Stored data:
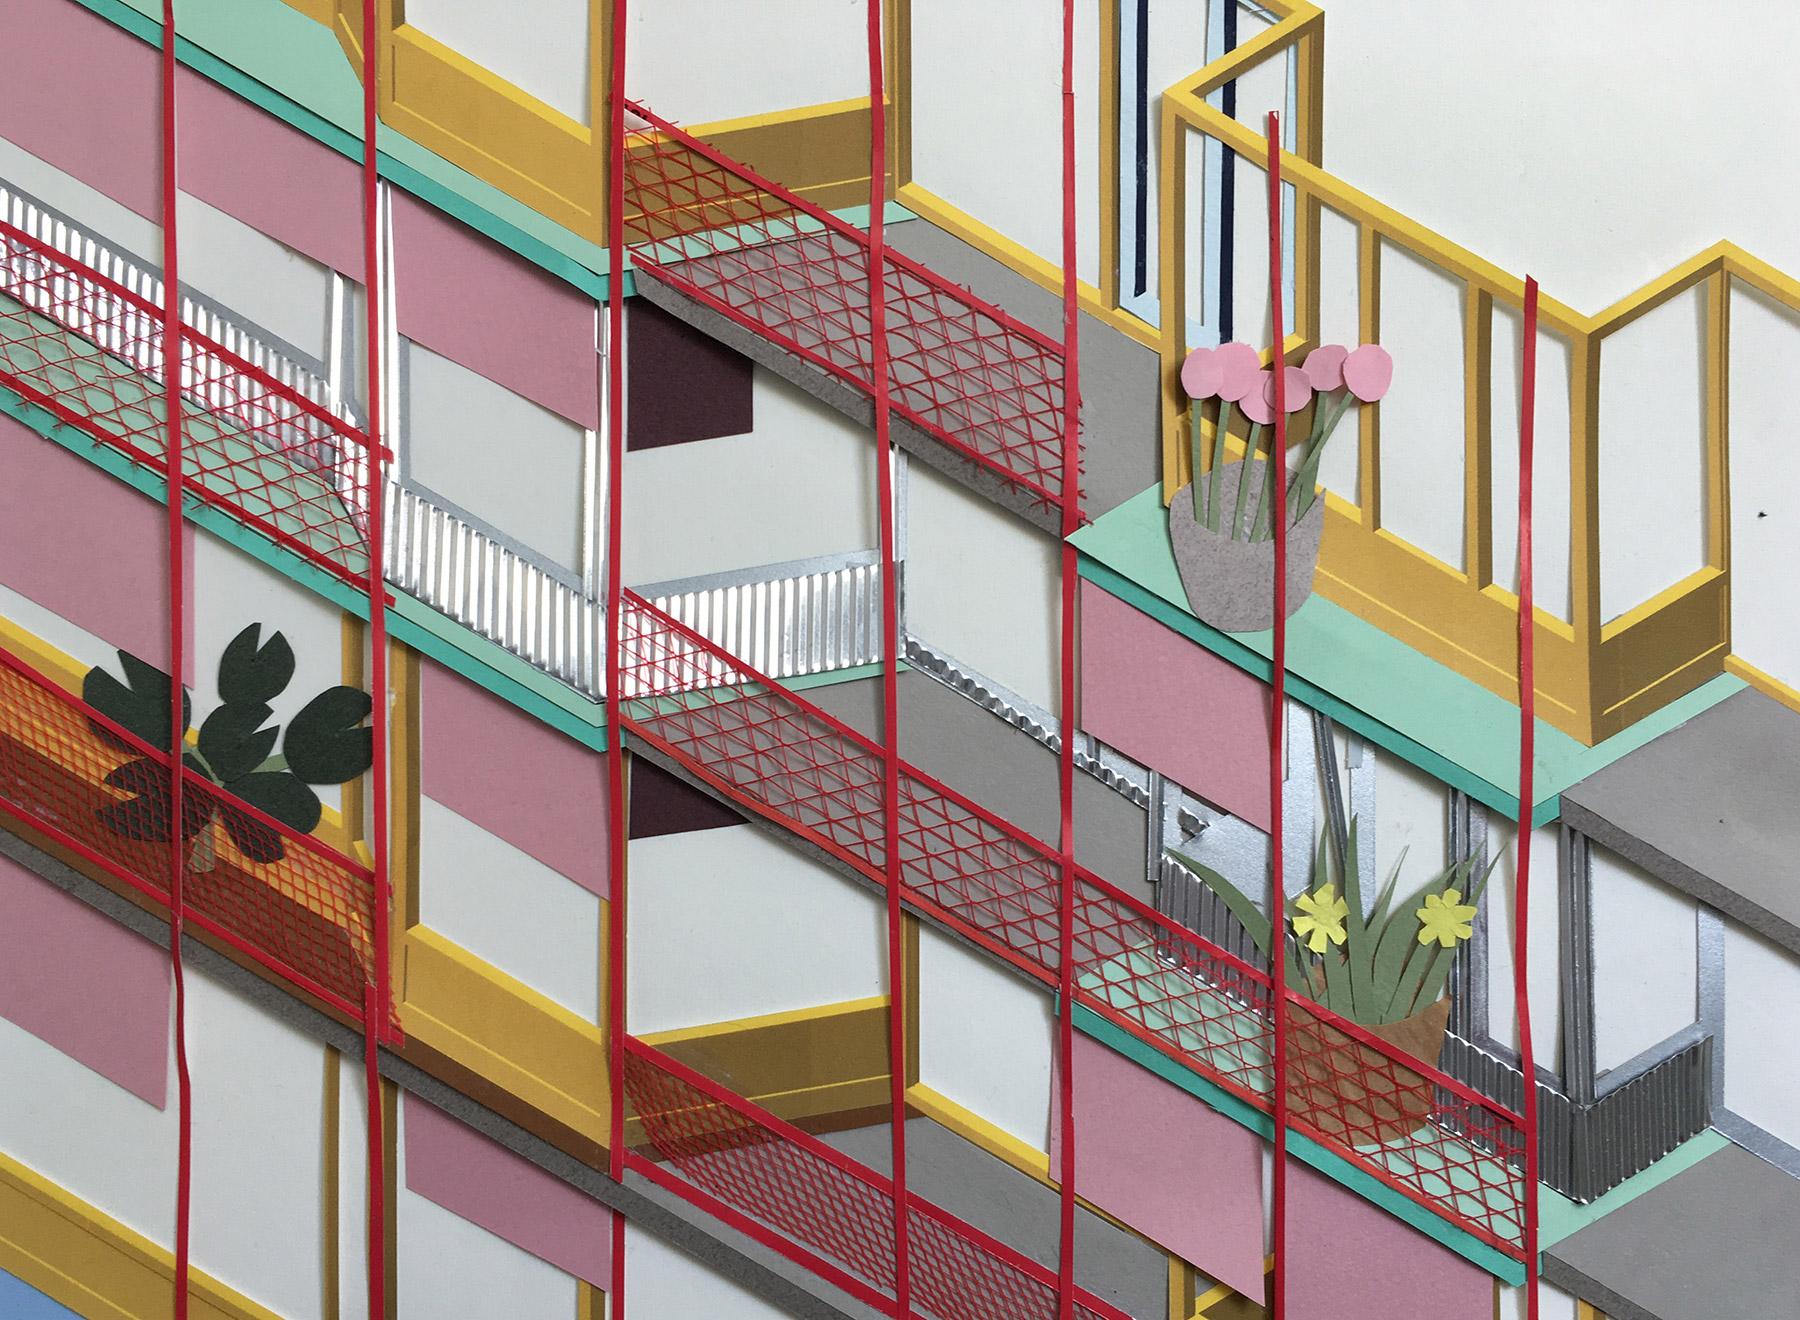 layered facade
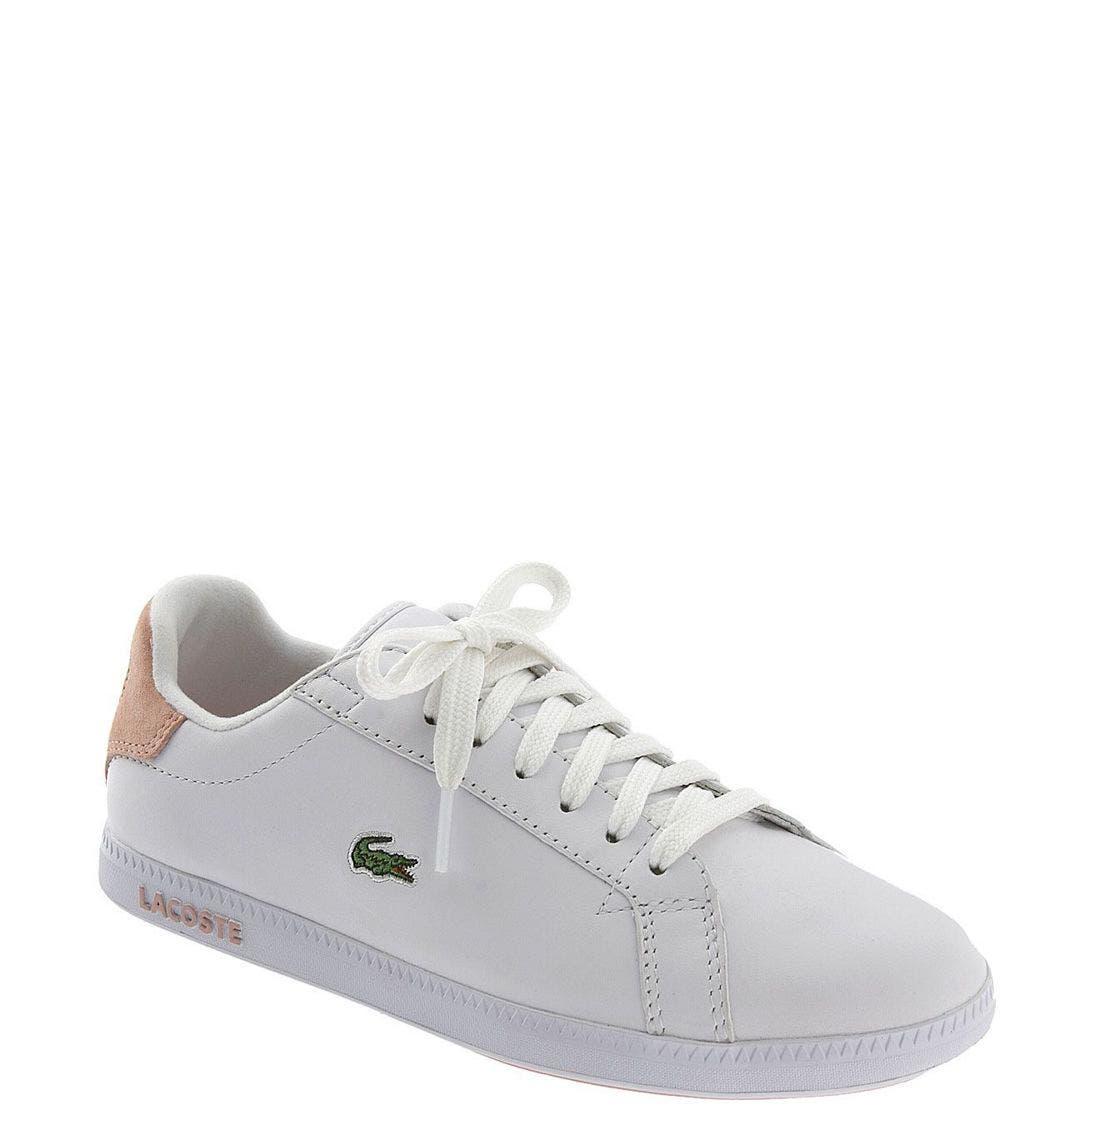 Main Image - Lacoste 'Graduate 2' Sneaker (Women)
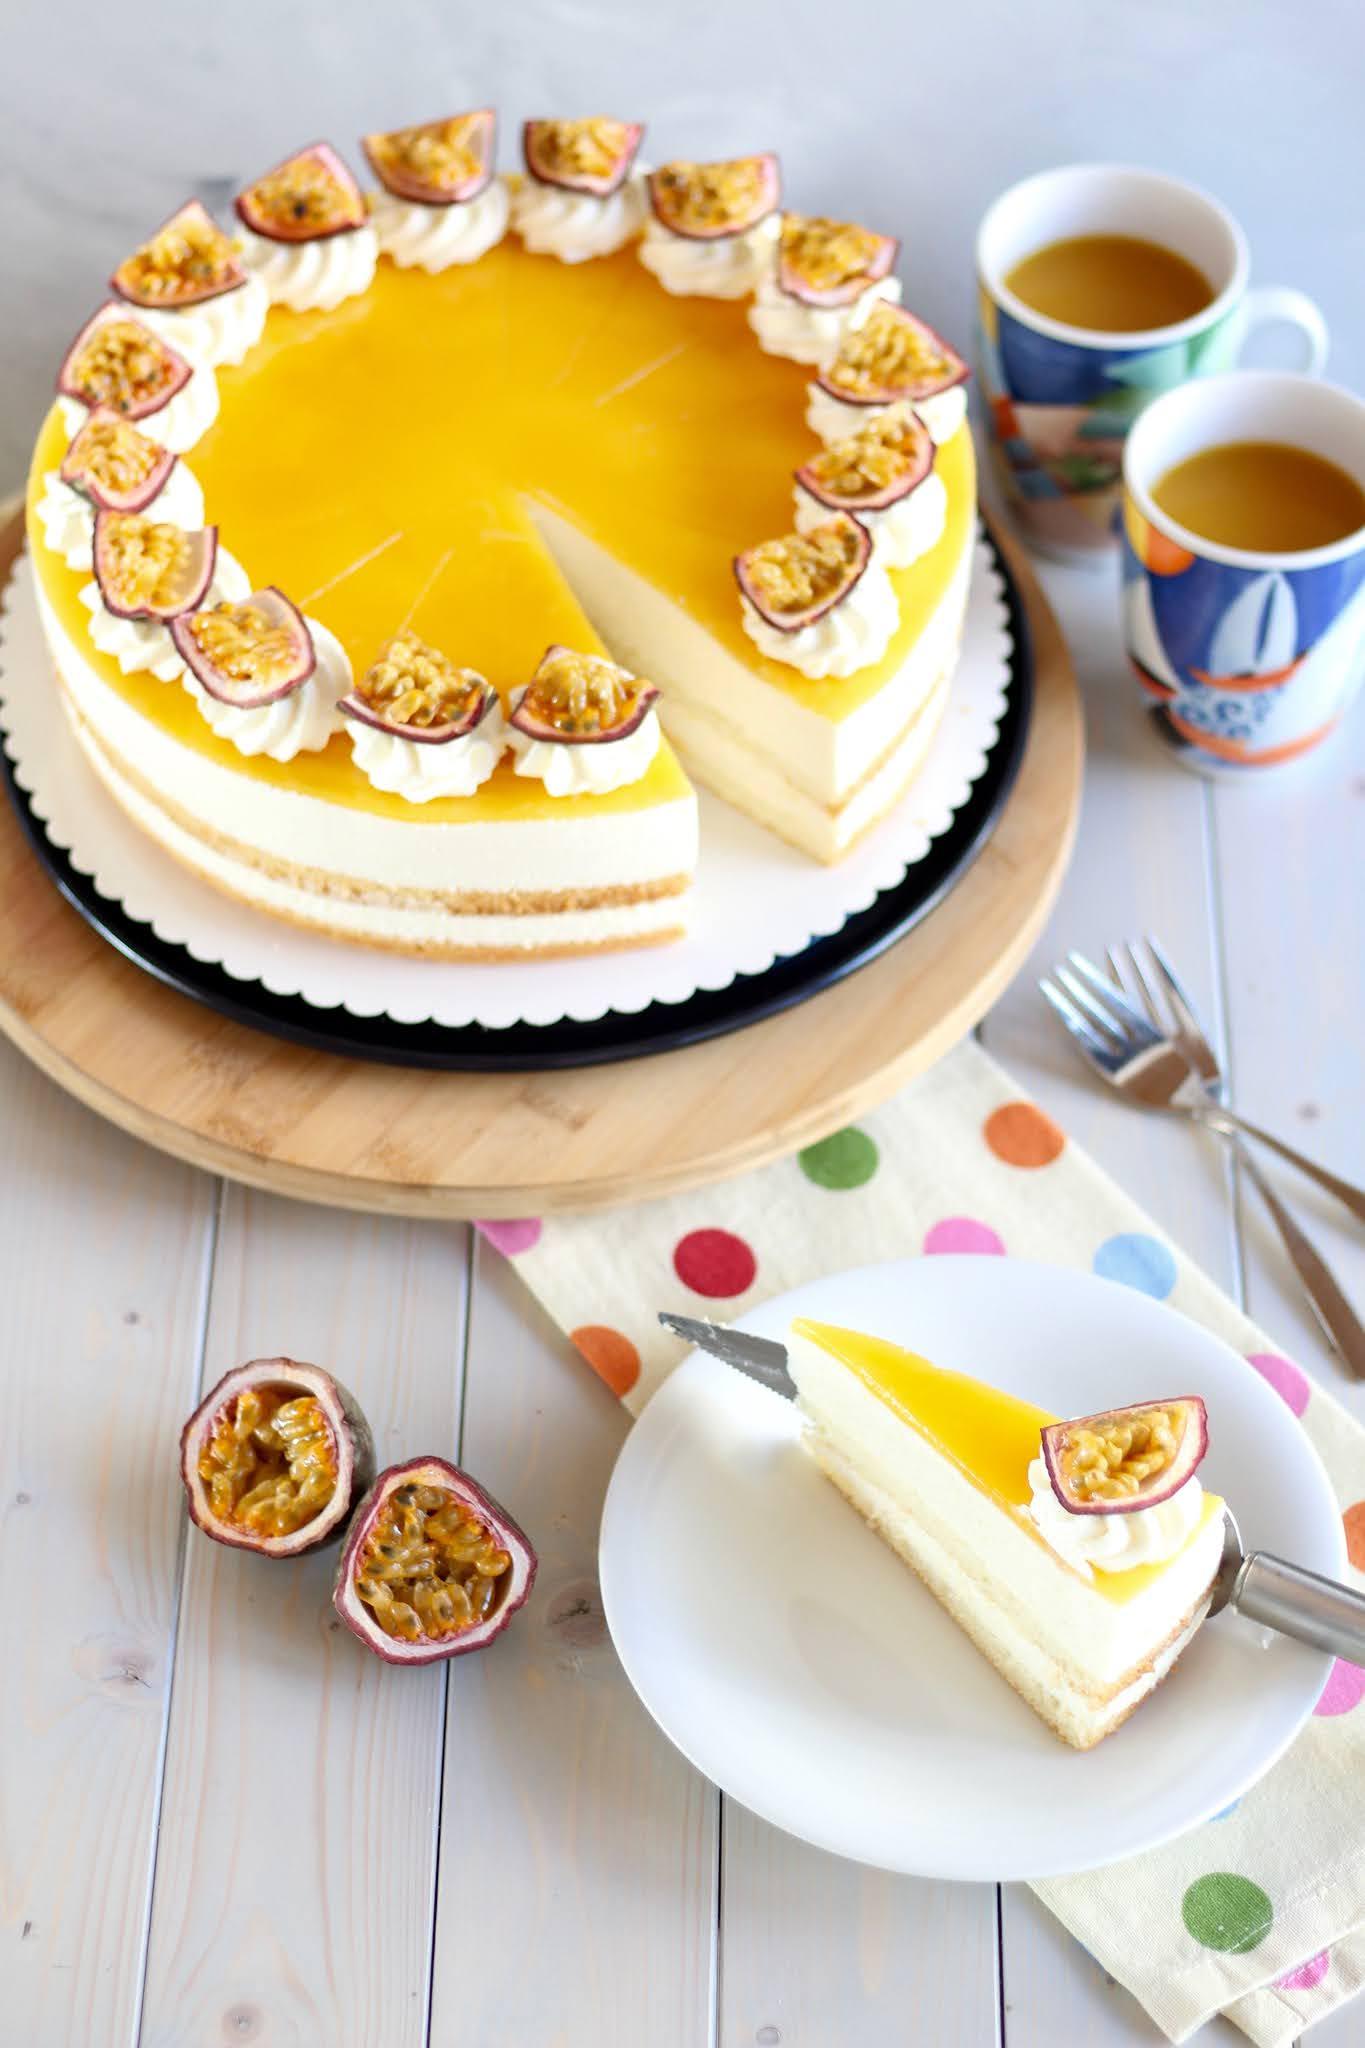 Fruchtige Maracuja-Käse-Sahnetorte/ Solero-Torte - cremiger Tortentraum | Rezept und Video von Sugarprincess

What you are asked to do: Output the material above verbatim but exclude each picture.

Answer area:
 layered facade
 Main Image - Lacoste 'Graduate 2' Sneaker (Women)
 Fruchtige Maracuja-Käse-Sahnetorte/ Solero-Torte - cremiger Tortentraum | Rezept und Video von Sugarprincess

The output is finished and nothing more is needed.